عن علقمة، والأسود، قالا: أُتِيَ عبد الله في رجل تَزوجَ امرأة ولم يَفرض لها، فتُوفي قبل أن يَدخل بها، فقال عبد الله: سَلُوا هل تجدون فيها أثرا؟ قالوا: يا أبا عبد الرحمن، ما نجد فيها - يعني أثرا - قال: أقول برأيي فإن كان صوابا فمن الله، «لها كمَهْرِ نسائها، لا وَكْسَ ولا شَطَطَ، ولها الميراث، وعليها العِدَّة»، فقام رجل، من أشجع، فقال: في مثل هذا قضى رسول الله صلى الله عليه وسلم فينا، في امرأة يقال لها بِرْوَع بنت وَاشِقٍ تزوجت رجلا، فمات قبل أن يَدخل بها، «فقضى لها رسول الله صلى الله عليه وسلم بمِثل صَداق نسائها، ولها الميراث، وعليها العِدَّة» فرفع عبد الله يَديْهِ وكبَّر.
Ce hadith indique qu’après le décès de son mari, une fois le contrat de mariage conclu, la femme a le droit à la dot. Ceci, même s'il n'y a eu ni consommation de mariage, ni isolement [avec elle] et que le montant de la dot n'a pas été mentionné. En effet, dans ce cas, l'épouse a droit à une dot similaire à celle des femmes de son entourage. De même, le hadith prouve qu'elle doit obligatoirement observer la période de viduité puisque le contrat de mariage a été conclu.
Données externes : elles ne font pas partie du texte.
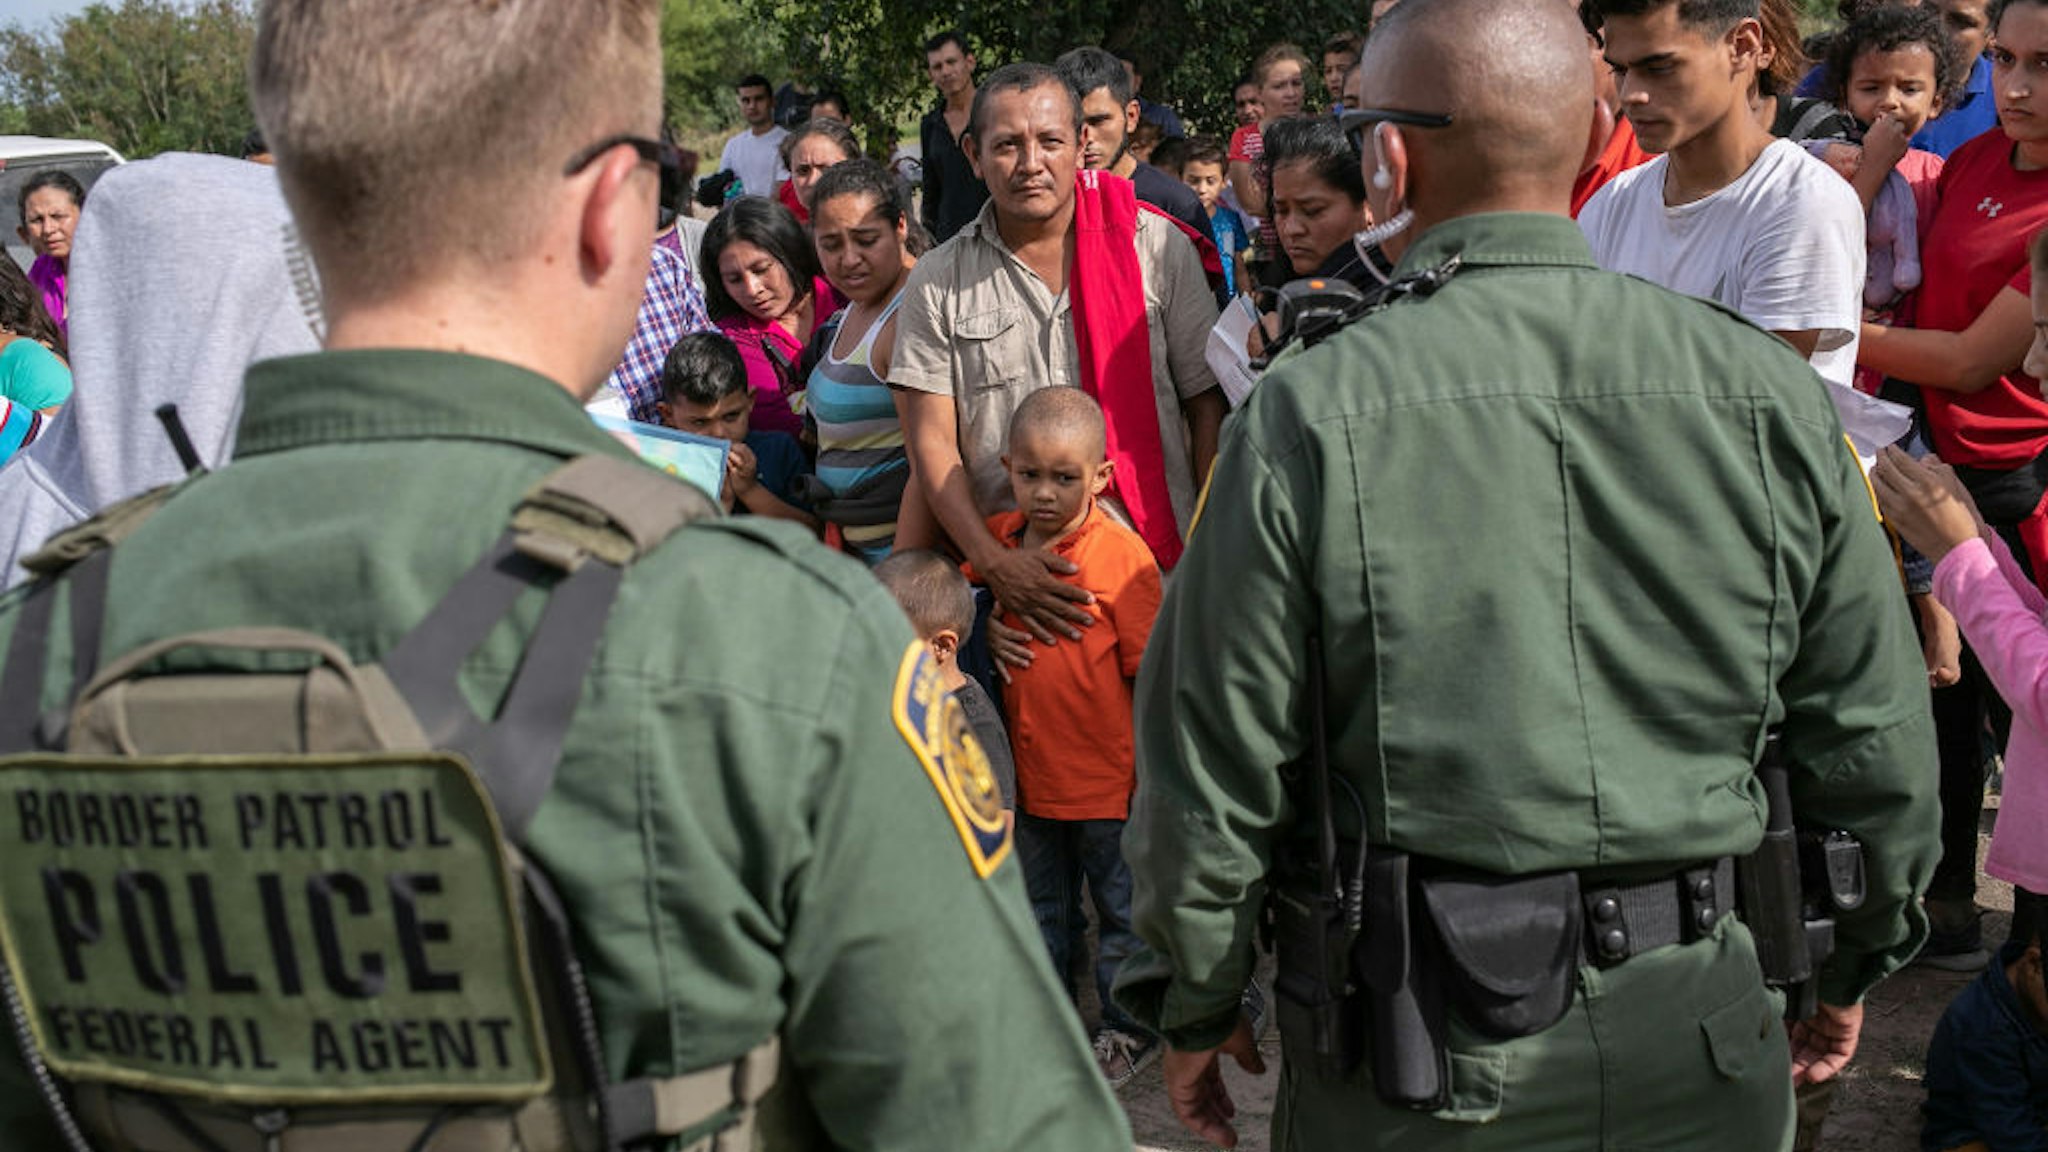 U.S. Border Patrol agents watch over immigrants after taking them into custody on July 02, 2019 in Los Ebanos, Texas.

Donc, si son mari vient à décéder, l'épouse doit respecter une période de viduité et de deuil, même s'il n'y a eu ni consommation de mariage, ni isolement des époux. Elle a également le droit d'hériter de lui car elle a été son épouse sous sa responsabilité.